Témoignages sur les centres de détention non officiels à Mashhad
La question de la détention et des mauvais traitements infligés aux enfants a déjà attiré l’attention des organisations de défense des droits humains. Lors des manifestations nationales de 2022, Human Rights Watch a rapporté que les forces de sécurité iraniennes, en réprimant les manifestations, avaient tué, torturé et, dans certains cas, soumis des enfants à des agressions sexuelles et à des disparitions forcées.

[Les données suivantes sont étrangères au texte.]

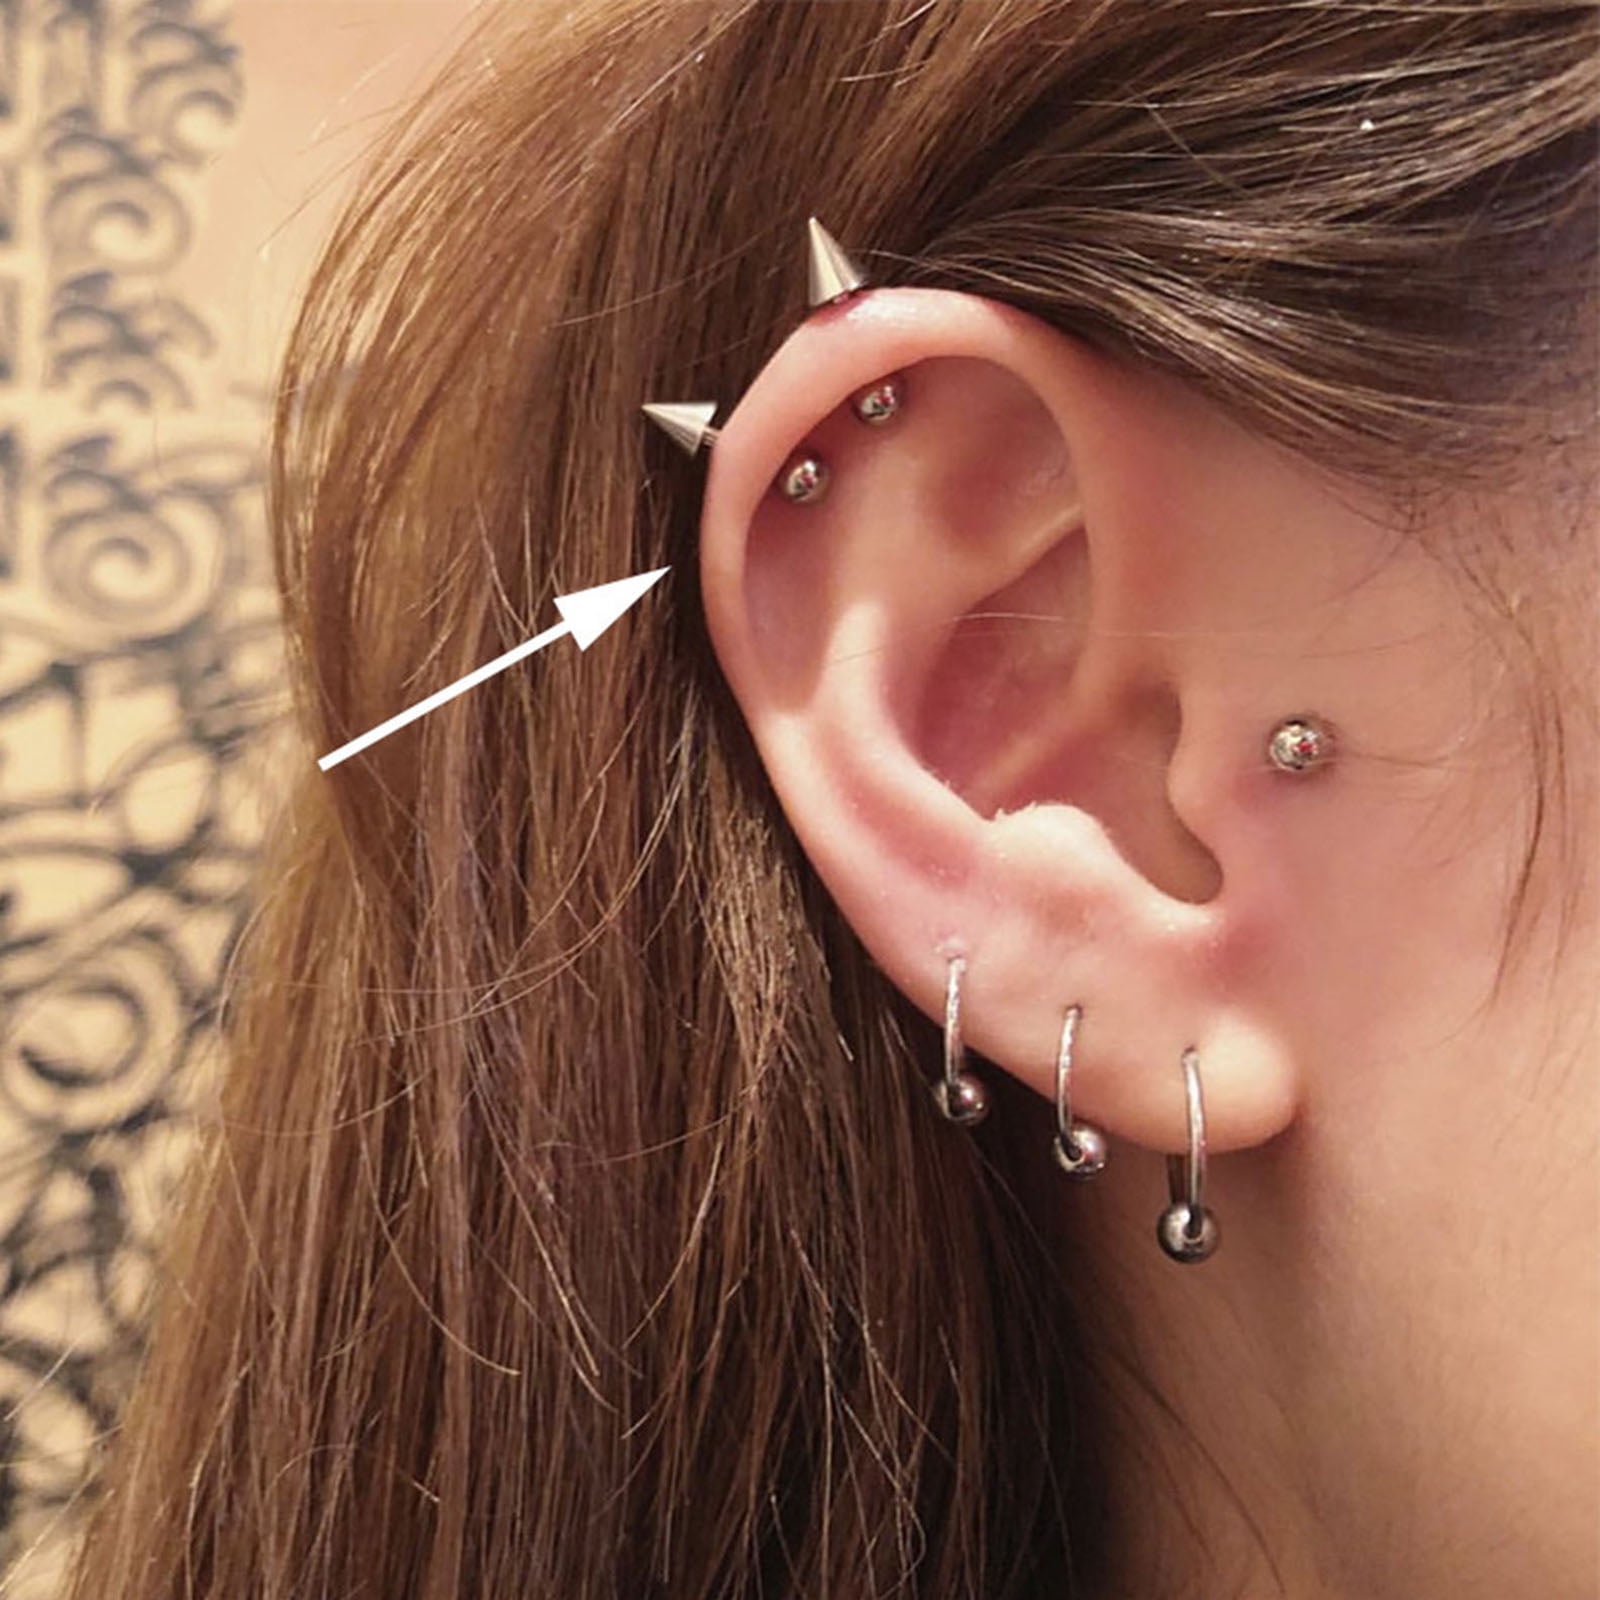 Getting Your Ears Pierced: Everything You Need to Know | Maison Miru

Un proche de la famille d’un adolescent de 16 ans à Mashhad a déclaré qu’ils étaient sans nouvelles de lui depuis deux semaines. La famille avait d’abord été informée qu’il se trouvait dans un centre de détention pour mineurs, mais les démarches entreprises sont restées vaines.
Un ancien détenu pour délits financiers, récemment libéré de la prison de Vakilabad, a contacté la famille et a indiqué que l’adolescent avait été détenu quelque temps dans un centre de détention non officiel, puis transféré, avant sa libération, dans un commissariat de droit commun.
Selon cette source, des brûlures de cigarettes étaient clairement visibles au poignet et au bras de l’adolescent, qui avait des difficultés à marcher. Ce dernier n’a pas donné beaucoup de détails sur ce qui lui est arrivé, mais sa famille soupçonne qu’il ait également été victime d’abus sexuels.
D’après cet ancien détenu pour délits financiers, l’enfant se serait entendu dire : « Tu ne reverras plus jamais ta famille, et on se débarrassera de ton corps. »
Selon cet ancien prisonnier financier, l’enfant s’est entendu dire : « Tu ne reverras plus jamais ta famille, et nous nous débarrasserons de ton corps.»
Il a également été contraint de signer un document qui, d’après lui, était nécessaire pour mettre fin aux tortures.